The package will also tighten the current work requirements in the Temporary Assistance for Needy Families program, primarily by adjusting the work participation rate credits that states can receive for reducing their caseloads.

Work requirements will not be introduced in Medicaid, which House Republicans had called for in their debt ceiling bill.

Claws back some Covid-19 relief funds

The legislation will rescind roughly $28 billion in unobligated funds from the Covid-19 relief packages that Congress passed to respond to the pandemic, according to the House GOP.

It will retain $5 billion in funding to accelerate the development of Covid-19 vaccines and treatments, and funding for vaccines and treatments for the uninsured, according to a White House source. It will also keep money for housing assistance, the Indian Health Service and other measures.

Congress approved roughly $4.6 trillion in Covid-19 relief funds since the pandemic began in early 2020.

Cuts Internal Revenue Service funding

House Republicans have been determined to jettison the roughly $80 billion in IRS funding over 10 years contained in the Inflation Reduction Act that Democrats passed last year. The GOP lawmakers argue that the money will be used to hire an army of new agents to audit Americans, but the agency says it will also be used to support operations, modernize customer service technology and assist taxpayers.

The package will repurpose $10 billion from fiscal 2024 and another $10 billion from fiscal 2025 appropriations to be used in non-defense areas, according to the White House source.

This provision does not appear in the text of the bill, but another source familiar with the deal said both sides have agreed to it.

Separately, the legislation will also rescind $1.4 billion in IRS funding from the act, which the GOP describes as the full amount of funds included in the agency’s fiscal 2023 spending plan for non-taxpayer services.

The moves mean that the IRS will use up the boost in funding and need to request additional money from Congress sooner than a decade, according to the White House official.

Restarts student loan repayments

Under the package, borrowers will have to begin paying back their student loans at the end of the summer, as the Biden administration has already announced, according to a third source familiar with the debt ceiling talks. The pause has been in effect since the Covid-19 pandemic began.

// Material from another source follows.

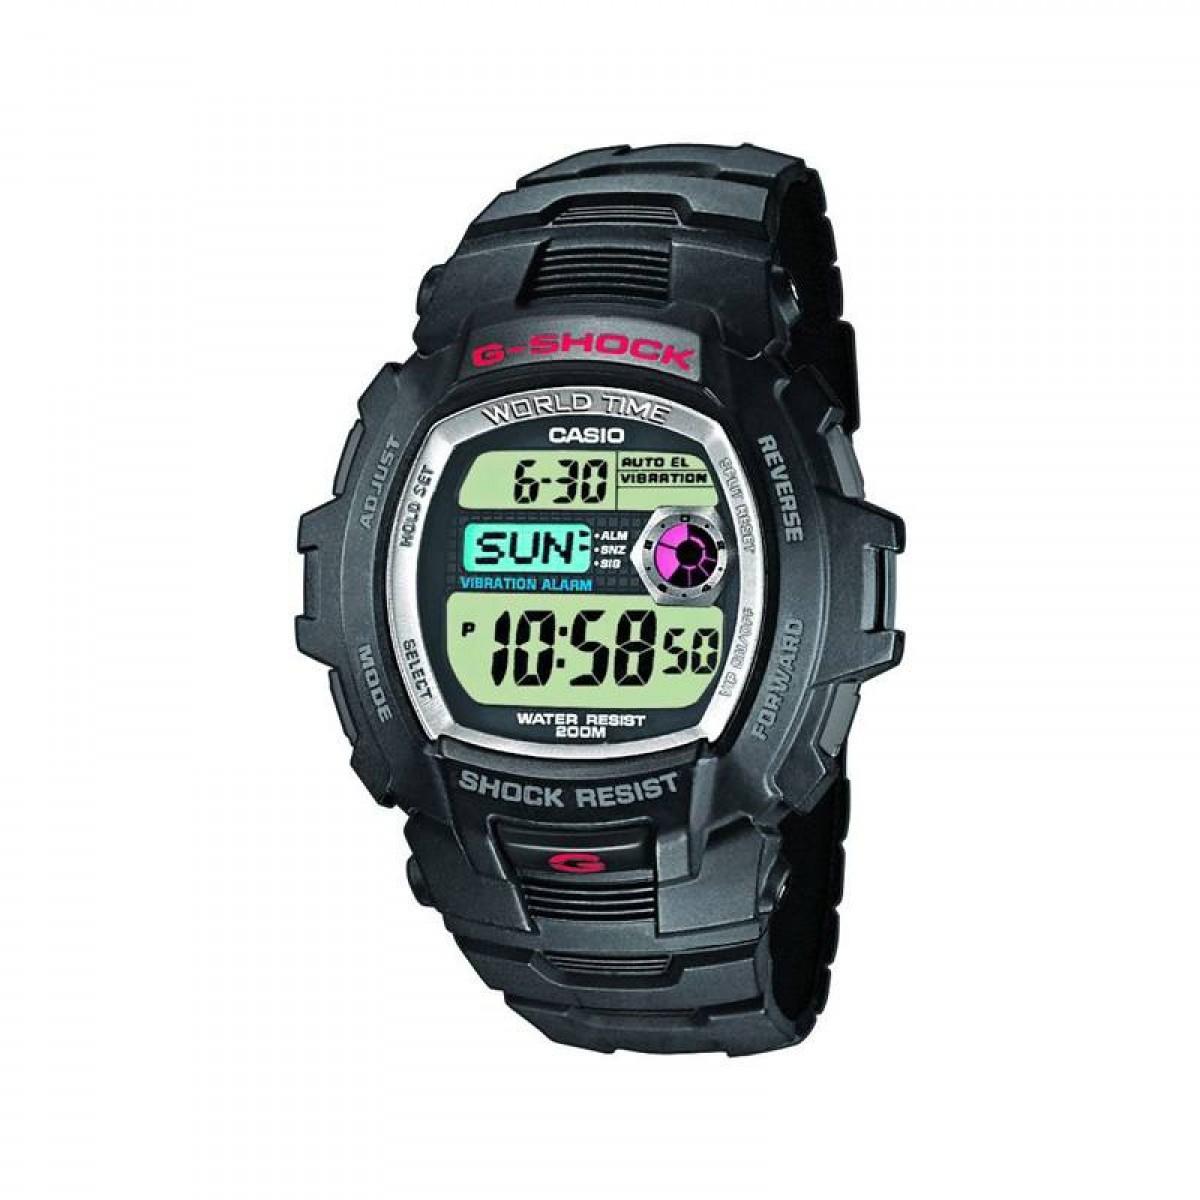 Часовник Casio G-Shock G-7500-1VER
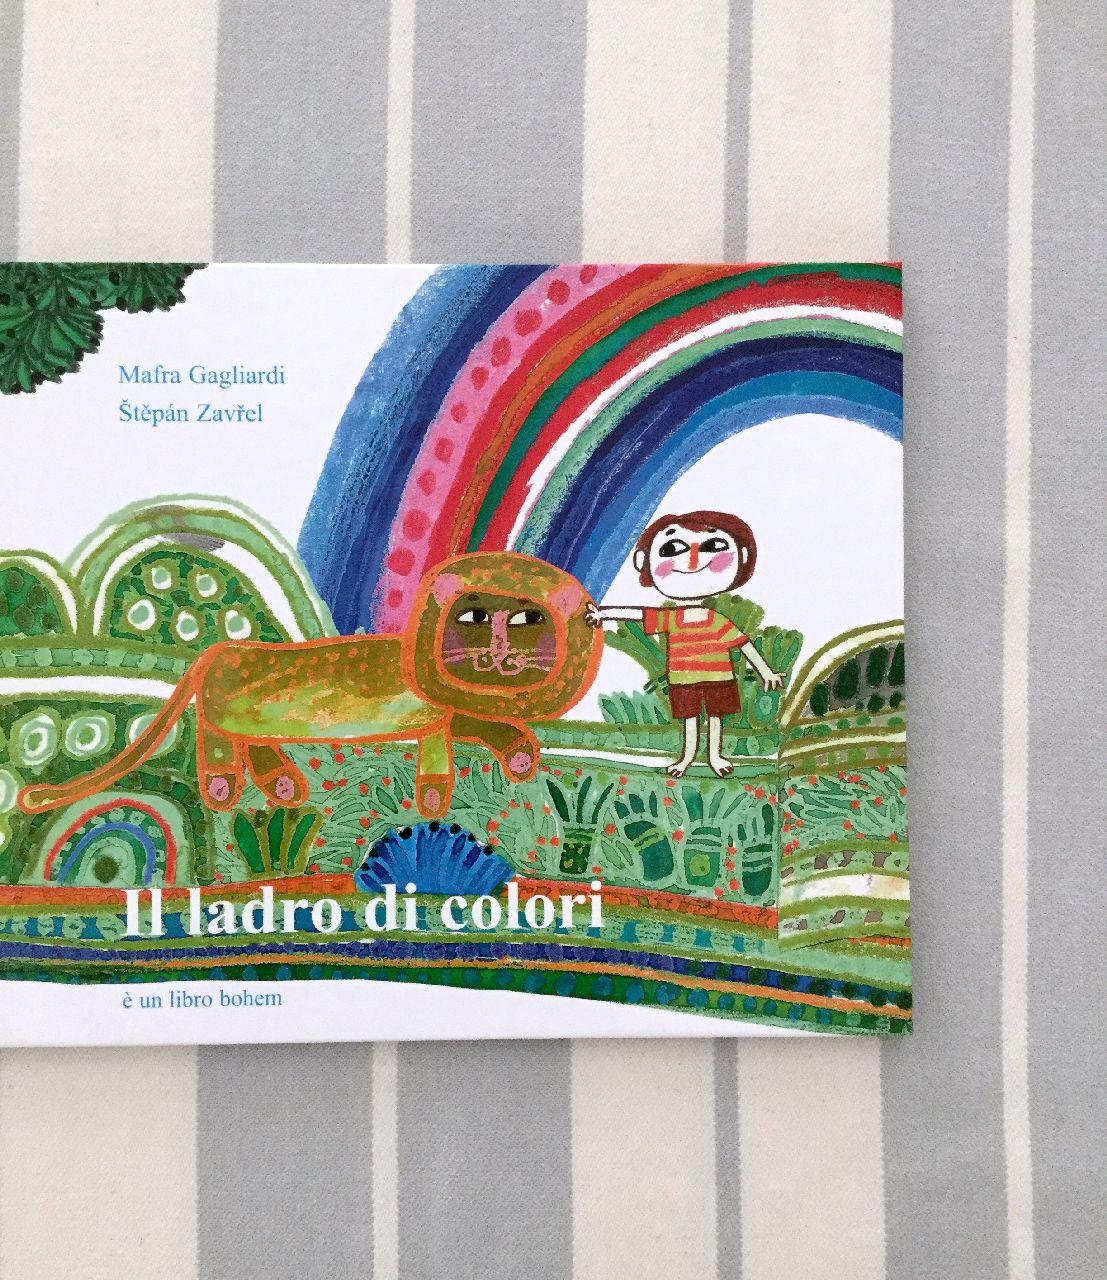 Mafra Gagliardi - Štepán Zavrel, Il ladro di colori, Bohem

The legislation will prohibit the administration from extending it again.

Also, the package will maintain Biden’s plan to provide up to $20,000 in debt relief for qualifying borrowers, the source said. The measure is currently before the Supreme Court, which is expected to rule on it in coming weeks.

The legislation will also continue Biden’s income-driven repayment plan, according to the White House source.

The House and Senate have passed a bill to block the forgiveness program, as well as end the pandemic-related pause on federal student loan payment. Biden has pledged to veto it.

Maintains climate and clean energy measures

The legislation will not make any changes to the Inflation Reduction Act’s climate and clean energy provisions, according to the White House talking points.

House Republicans had sought to repeal the law’s clean energy tax credits and subsidies.

The package also includes new measures in the National Environmental Policy Act aimed at boosting the coordination, predictability and certainty associated with federal agency decision making, according to the White House source.

It will designate a single lead agency, charged with developing a single environmental review document, and also will require agencies to complete environmental reviews in one year, or two years for the most environmentally complex projects.

Expedites pipeline in West Virginia

The package will also speed the creation of the Mountain Valley Pipeline, a natural gas pipeline in West Virginia.